ChEBI: 2-methyl-3-(3,7,11,15-tetramethylhexadec-2-enyl)naphthalene-1,4-dione is a member of 1,4-naphthoquinones.

Biological Functions

Both vitamins K3 and K4 may produce hyperbilirubinemia and kernicterus in neonates as well as hemolysis in neonates and glucose-6-phosphate–deficient patients. In fact, the only advantage of vitamins K3 and K4 over vitamin K1 is that whereas absorption of vitamin K1 requires the presence of bile, absorption of vitamins K3 and K4 does not, because they are absorbed via a passive process directly from the intestine. This may be a slight advantage for patients with cholestasis or severe pancreatic dysfunction. Only vitamin K1, however, is appropriate therapy for bleeding associated with warfarin and superwarfarin anticoagulation. Vitamin K2 is not used therapeutically.

Mechanism of action

Vitamin K antagonists, such as warfarin, produce their effect on blood coagulation by interfering with the cyclic interconversion of vitamin K and vitamin K 2,3-epoxide. Vitamin K is an essential cofactor necessary for the posttranslational carboxylation of the glutamic acid residues on the N-terminal portions of the specific clotting factors (II, VII, IX, and X) and anticoagulant proteins, such as protein C. This γ-glutamyl carboxylation results in a new amino acid, γ-carboxyglutamate, which through chelation of calcium ions causes the proteins to undergo a conformational change.

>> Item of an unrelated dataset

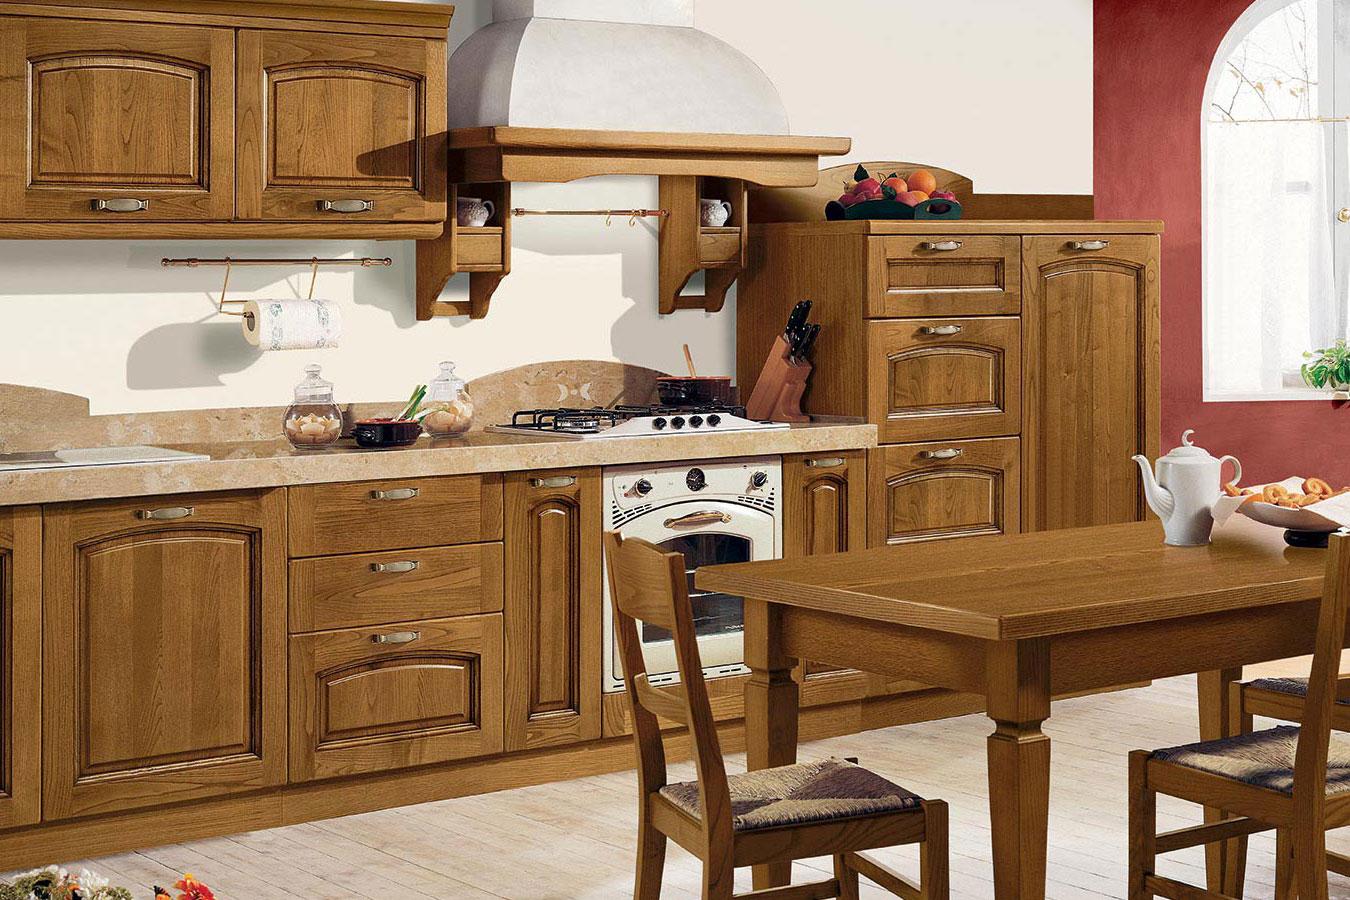 Cucina classica emma di arredo3 righetti mobili novara - Arredamento cucina classica ...

This change in tertiary structure allows the four vitamin K–dependent clotting factors to become activated and bind to the negatively charged phospholipid membranes during clotting cascade activation.

Pharmacokinetics

The half-life of vitamin K1 is quite short—only 1.7 hours via the intravenous route and 3–5 hours via the oral route. When given orally, vitamin K1 is absorbed directly from the proximal small intestine in an energy-dependent and saturable process that requires the presence of bile salts. These kinetic features argue for administration in divided doses rather than larger, single daily doses. The typical starting point for adults with drug-induced hypoprothrombinemia is 2.5 to 10 mg of vitamin K1 orally, repeating in 12 to 48 hours if needed. In cases of ingestion of long-acting superwarfarin rodenticides (e.g., brodifacoum), therapy may be 125 mg/day for weeks or months. Practically speaking, because vitamin K1 is dispensed as 5-mg tablets, superwarfarin-poisoned patients may require 10 to 30 tablets every 6 hours.

Clinical Use

Vitamin K1 (phytonadione, Mephyton) is the form of vitamin K most often used therapeutically. Vitamin K1 is safe for use in infants, pregnant women, and patients with glucose-6-phosphate deficiency.

Safety Profile

Moderately toxic by subcutaneous route. An experimental teratogen. When heated to decomposition it emits acrid smoke and irritating fumes.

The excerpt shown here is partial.